Model Based Inference in the Life Sciences: A Primer on Evidence (Anderson DR)
This book is a good introduction to information-theoretic approaches. Examples are mostly from ecology, but it provides an alternative theoretical perspective on statistical inference, and the methods are easy to implement. The content is a subset of the next book, with most of the mathematics removed, and thus provides a more accessible book for biologists.

Burnham Anderson

Math level: ♦♦♦

Model Selection and Multi-Model Inference: A Practical Information-Theoretic Approach (Burnham KP, Anderson DR)
This book also provides an introduction to information-theoretic methods, but contains proofs and more advanced theoretical topics than the previous book.

Gelman, Hill

Math level: ♦♦

Data Analysis Using Regression and Multilevel/Hierarchical Models (Gelman A, Hill J)
This book has nothing to do with experimental biology, but it is remarkable in how smoothly it transitions from regression models (familiar ground for biologists) to hierarchical models (which should be used more often, given the hierarchical nature of many data sets) to Bayesian methods.
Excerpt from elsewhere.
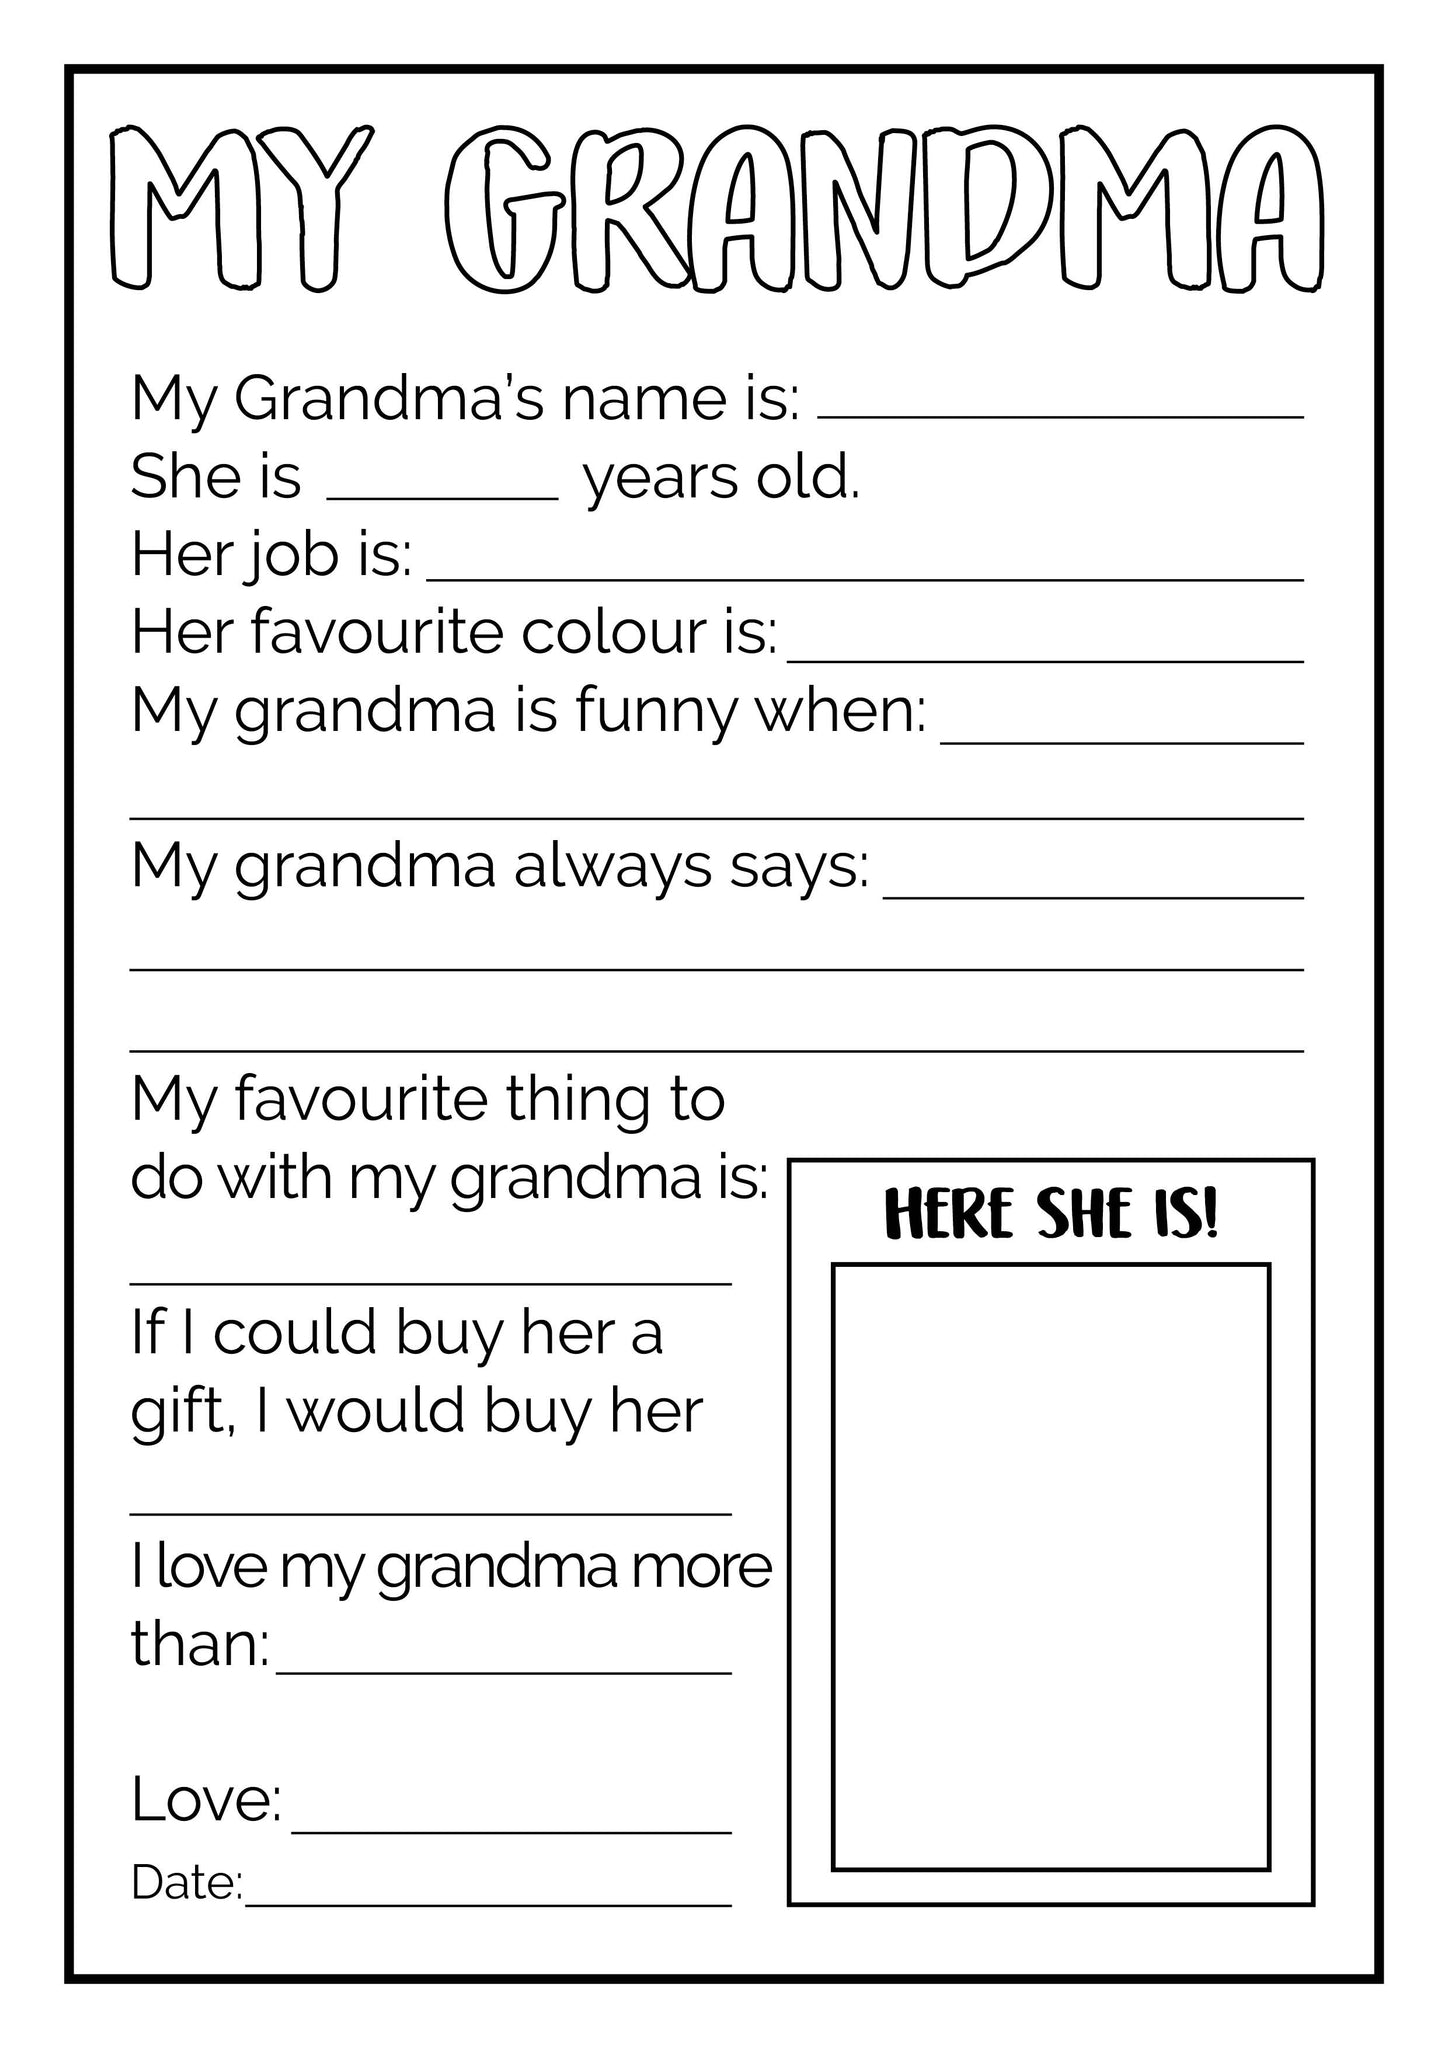 All About My Grandma Free Printable Printable Templates

This book is also a good introduction to statistical modelling in general, and examples are in R (and BUGS for the Bayesian examples).

Kruschke

Math level:

Doing Bayesian Data Analysis: A Tutorial with R and BUGS (Kruschke J)
Another great introduction to Bayesian methods using R and BUGS, but this time examples are from Psychology. Unlike the previous book, this one is purely Bayesian and starts at a more basic level. It has been receiving great reviews from statisticians and scientists alike.

Shipley

Math level: ♦♦

Cause and Correlation in Biology: A User's Guide to Path Analysis, Structural Equations and Causal Inference (Shipley B)
Laboratory-based biologists are fortunate because most factors are under experimental control and/or can be held constant. However, this is not always the case; for example, the interest is in manipulating X and observing Y, but X also affects Z, which is known to affect Y. Therefore, to what extent does X directly affect Y (if at all) and how much of X's effect is through Z? These types of questions can be addressed with structural equation models, and it is important to know how causality can be inferred from such data. Demonstrating cause-and-effect relationships is a core aspect of biological research, and therefore familiarity with these methods should be a part of every scientist's toolkit.

Berger, Wong

Math level: ♦♦♦

An Introduction to Optimal Designs for Social and Biomedical Research (Berger MPF, Wong WK)
Optimal design theory deals with getting the most information out of an experiment. Suppose you want to test the effect of a compound and are restricted to 20 animals. How do you decide on the number of groups, the actual dose levels, and the sample size in each group? Your choice will have profound implications for statistical power. In general, optimal designs allow you to do more with less, and to determine where further effort will be wasted.